Marcelo Figueras
De todas las cuestiones que este chico Cho Seung-Hui planteó al matar a 32 personas y después matarse en el campus de Virginia, hay una en particular que no me deja dormir. Según fuentes diversas, los textos que Cho produjo para su curso de escritura creativa eran perturbadores; fue a causa de esos textos que le pidieron que se presentase ante los consejeros de la universidad. O sea que, si no entiendo mal, Cho escribió textos en los que canalizaba su angustia existencial, páginas que seguramente expresaban violencia y deseos de muerte (como tantos libros que andan dando vueltas, como tanto cine taquillero), y esa escritura le valió ser singularizado y expuesto ante las autoridades del campus. Supongo que las charlas que lo conminaron a tener con los consejeros no entrañaban per se sanción en su contra, pero seguramente lo disuadieron de seguir escribiendo, o por lo menos de compartir sus escritos. Al definir sus textos como perturbadores, los docentes y funcionarios de la universidad volvieron difícil para Cho, si no imposible, el ejercicio de la expresión mediante la escritura. No voy a pretender aquí que uno más uno es dos, y que la masacre es consecuencia del haber convertido sus textos en anatema, algo prohibido e inconveniente; pero tampoco voy a dejar de relacionar lo evidente, soslayando la evidencia histórica que enseña que la persecución de un medio de expresión siempre resulta en otro tipo de expresión –aunque sea violenta, aunque se le llame masacre.
Lo que temo es que la creciente invasión de la privacidad, alentada por los países más poderosos en su paranoia, aliente ahora la vigilancia sobre los textos que se escriben, aún cuando se definan a sí mismos como ficción. De aquí en adelante está claro que en los Estados Unidos cada joven con rasgos orientales –coreano, chino, japonés: les dará igual- será sospechoso de ser un Cho en potencia, mirado con sospecha, tratado como un paria o un cómplice intelectual por simple portación de cara. Pero además, cada persona que presente un texto ante un profesor o editor potencial quedará expuesto al mismo tipo de sospechas: si en el texto expresa violencia en alguna de sus formas, y si para colmo emplea determinadas palabras y pone en juego a cierto tipo de personajes, se hará merecedor de atención indeseada, y quién sabe si no termina en las listas de algún profiler del FBI como terrorista o asesino en potencia.

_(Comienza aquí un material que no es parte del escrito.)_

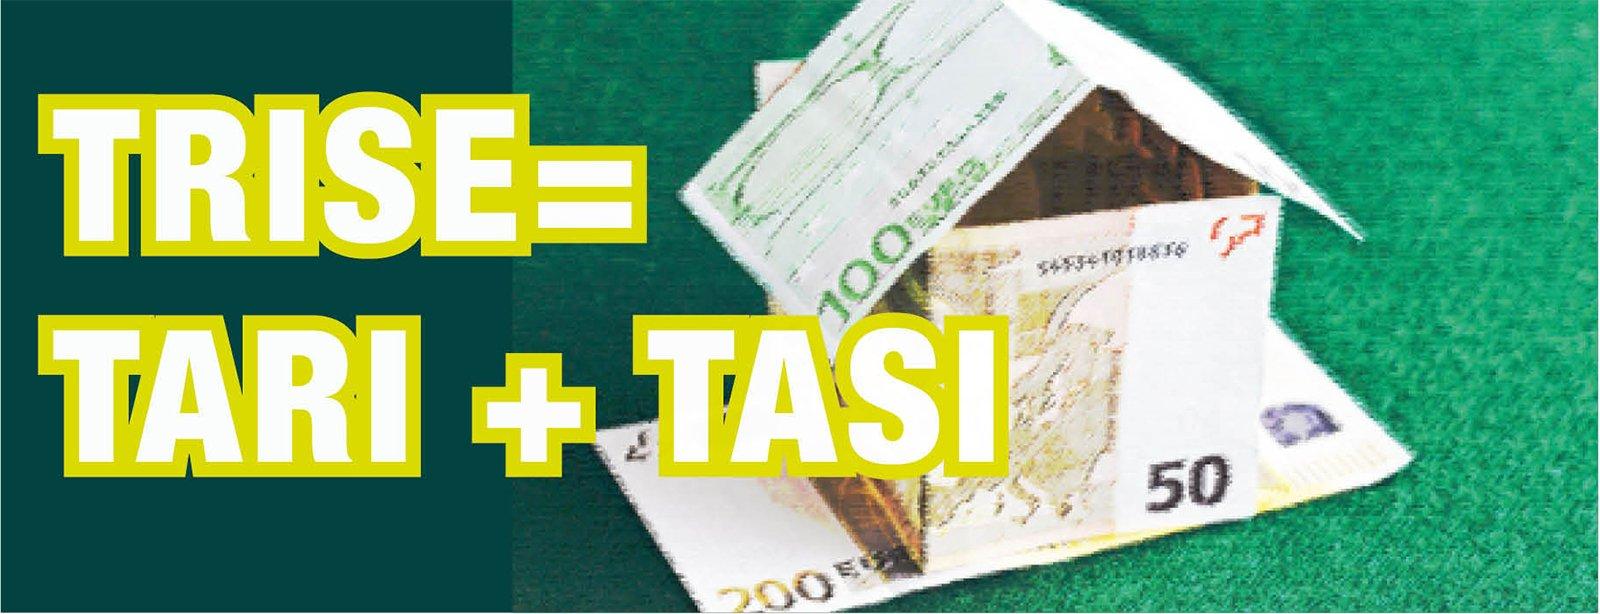 Trise tari e tasi saranno le nuove tasse sulla casa for Tasi e tari

Cho debería haber sido alentado a seguir escribiendo, a volcar su mundo interior en los textos por más que a muchos les pareciesen perturbadores o hasta perversos, mientras se lo acompañaba humanamente para ofrecerle algún tipo de contención. Estoy convencido de que la reacción que sus escritos produjeron le demostró a Cho que esa vía de expresión individual se le había cerrado, tornándolo todavía más antisocial, un verdadero descastado. Uno de los detalles de la masacre me resulta revelador a ese respecto. Después de matar a tanta gente, Cho se disparó a sí mismo en la cara. Quiero decir que a la hora de suicidarse borró deliberadamente sus rasgos, las facciones que lo convertían en un ser único. Para ese entonces debe haber entendido que ya había dejado de ser una persona individual, alguien que en su condición de tal podía expresarse de manera creativa –mediante sus textos, por ejemplo-, porque al sucumbir a la violencia y la arbitrariedad se había convertido en uno más, otro miembro anónimo de la humanidad a la que parecía despreciar, con argumentos que la consideración a posteriori de los hechos parece justificar tristemente.
A pesar de que vivía rodeado de gente a la que se supone tan inteligente como preparada, Cho Seung-Hui terminó siendo un mártir de la corrección política.